Net debt hits $3 billion mark
Government’s net debt has risen to $3 billion, the finance minister revealed yesterday.
But Curtis Dickinson said the landmark figure could have been higher had Government not put the brakes on spending after the Covid-19 pandemic struck.
Mr Dickinson said the pandemic response had cost almost $290 million as he outlined the Government’s financial performance over the last 12 months.
He said the coronavirus lightened the Government’s purse in two ways – a reduction in revenues coupled with increased expenditure.
Mr Dickinson added that Government’s 2020/21 revenue had been cut from $1.1 billion to $960 million.
He said the reduction was “due mainly to the impact of the Covid-19 pandemic on just about all of the Government’s revenue sources, the primary impacts being lower payroll tax, Customs duty, and the loss of most tourism-related taxes and levies”.
Mr Dickinson added expenditure estimates for the year were also sabotaged by the pandemic.
The cost of running government services for the 12 months to the end of March 2021 was at first estimated at $935 million.
But the final figure is now expected to top $1 billion.
Mr Dickinson said Government spent an unbudgeted $127.2 million on Covid-19- related expenses, including a $56.8 million emergency benefits programme for people thrown out work as a result of the pandemic.
He added: “Once the decision was made to shut down our island economy, we had less than one week to get money to our people who were sacrificing so much.
“It is no exaggeration to say that we had to break it to make it.
“Bureaucratic machinery is not made for quick pivots.
“However, we achieved our objective – to provide timely and much needed help to our people in an unprecedented crisis.“
Mr Dickinson told MPs that the Government was forced to slash spending on non-essential services.
He said that a freeze on the funding of vacant posts, a ban on Government travel and reductions in discretionary spending such as training, had resulted in savings of more than $55 million – cuts that meant the “normal operating expenses of the Government” for the year came in almost 6 per cent lower than the original estimate of $935.6 million.
Mr Dickinson added: “Given the projections outlined above, the revised estimate of the overall deficit for 2020/21 is $245.5 million, or $225.7 million more than the $19.8 million deficit that was originally projected.
“As of 31 March 2021, net debt will stand at $3 billion.
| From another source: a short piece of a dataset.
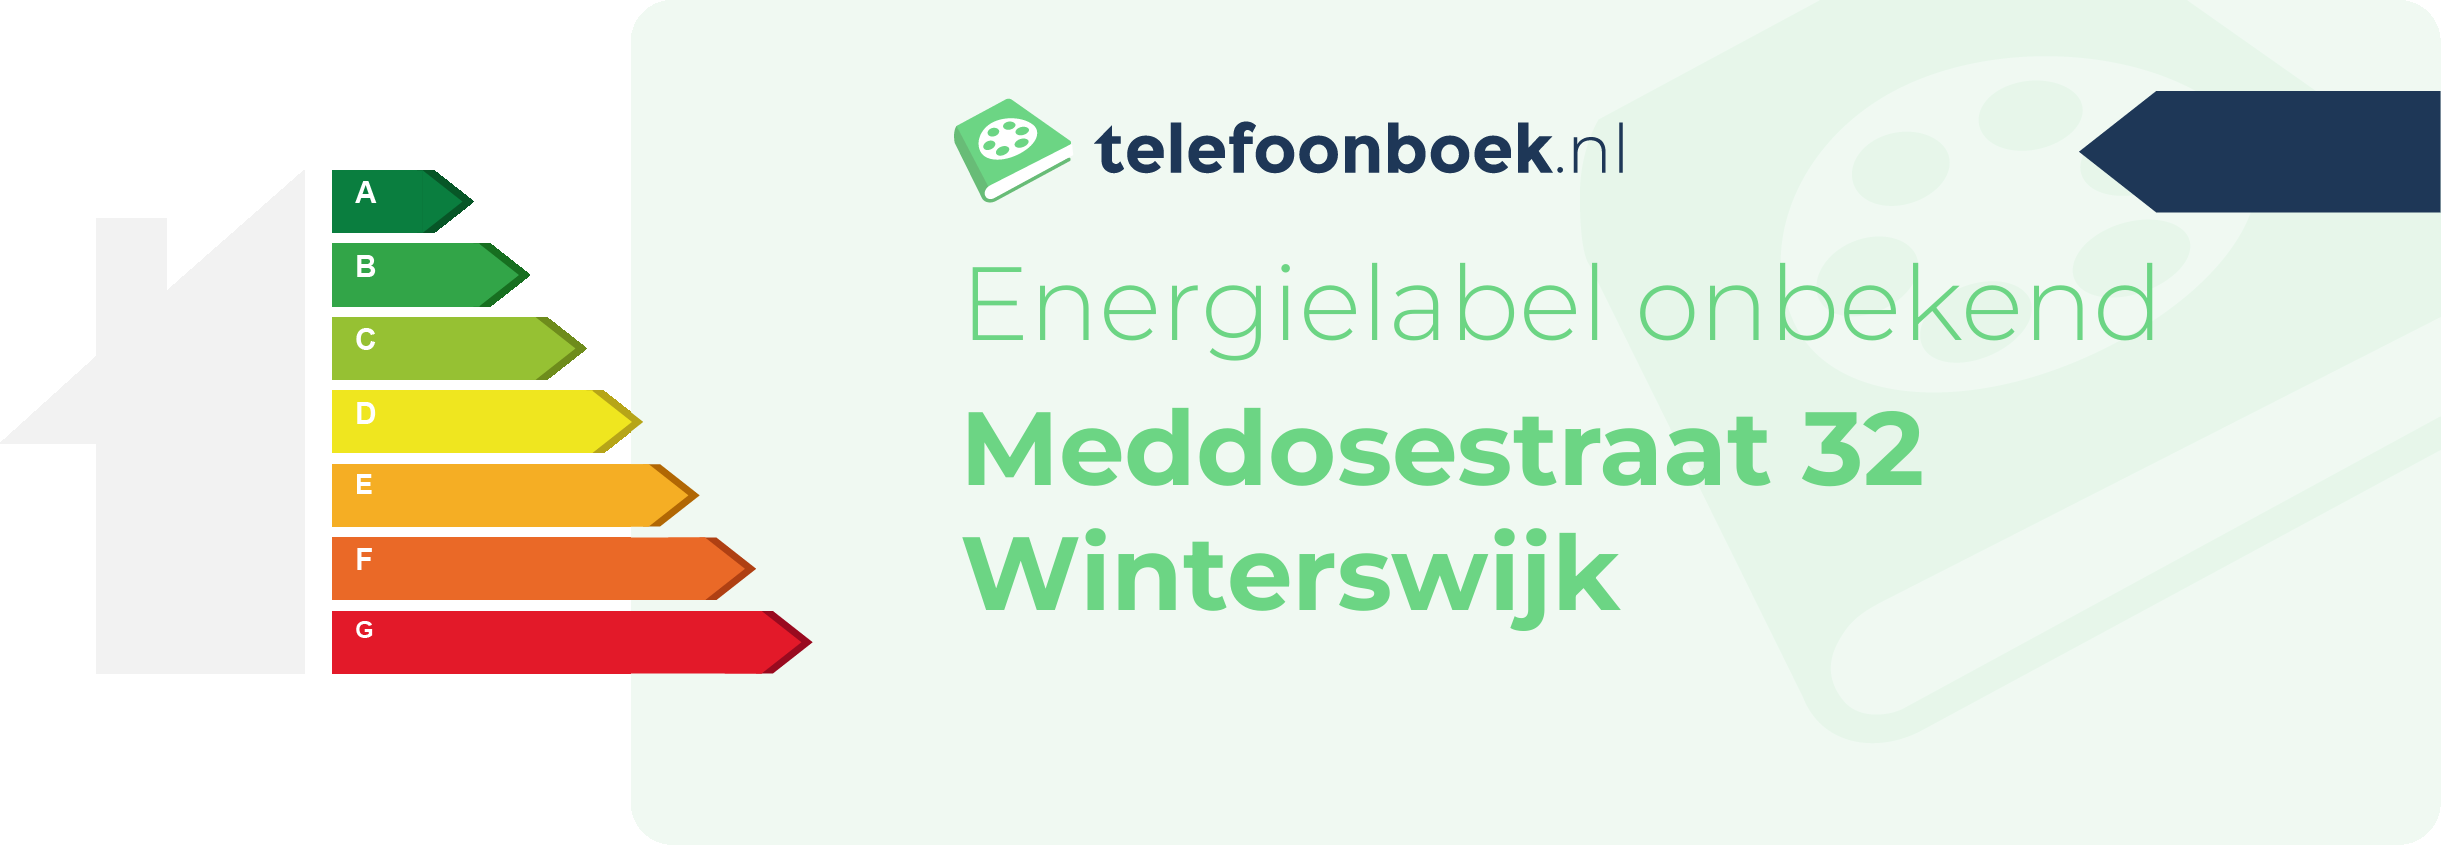 Energielabel Meddosestraat 32 Winterswijk

The Sinking Fund balance will be approximately $348.8 million, which will be used to help fund future deficits.”
Mr Dickinson said he was “proud” that the island had coped with the crisis “with humanity and discipline … grace and fortitude”.
He added: “As challenging as this time has been, we have navigated this pandemic well and avoided some of the devastation and confusion that have plagued so many of our international neighbours, large and small.”
But he warned that, although Bermuda was at “the cusp of a clear path to recovery”, major problems remained.
Mr Dickinson said: “Today, we have significant financial commitments, including approximately $3 billion in net public debt, financial guarantees for the new airport and acute care wing and the block grant which covers health services.
“There are also significant actuarial funding gaps in the public sector superannuation fund, the Government Employees Health Insurance Fund and Bermuda’s Contributory Pension Fund.
“Increased spending resulting from the pandemic and funding economic recovery is driving further near-term deficits and increased pressure on public finances.”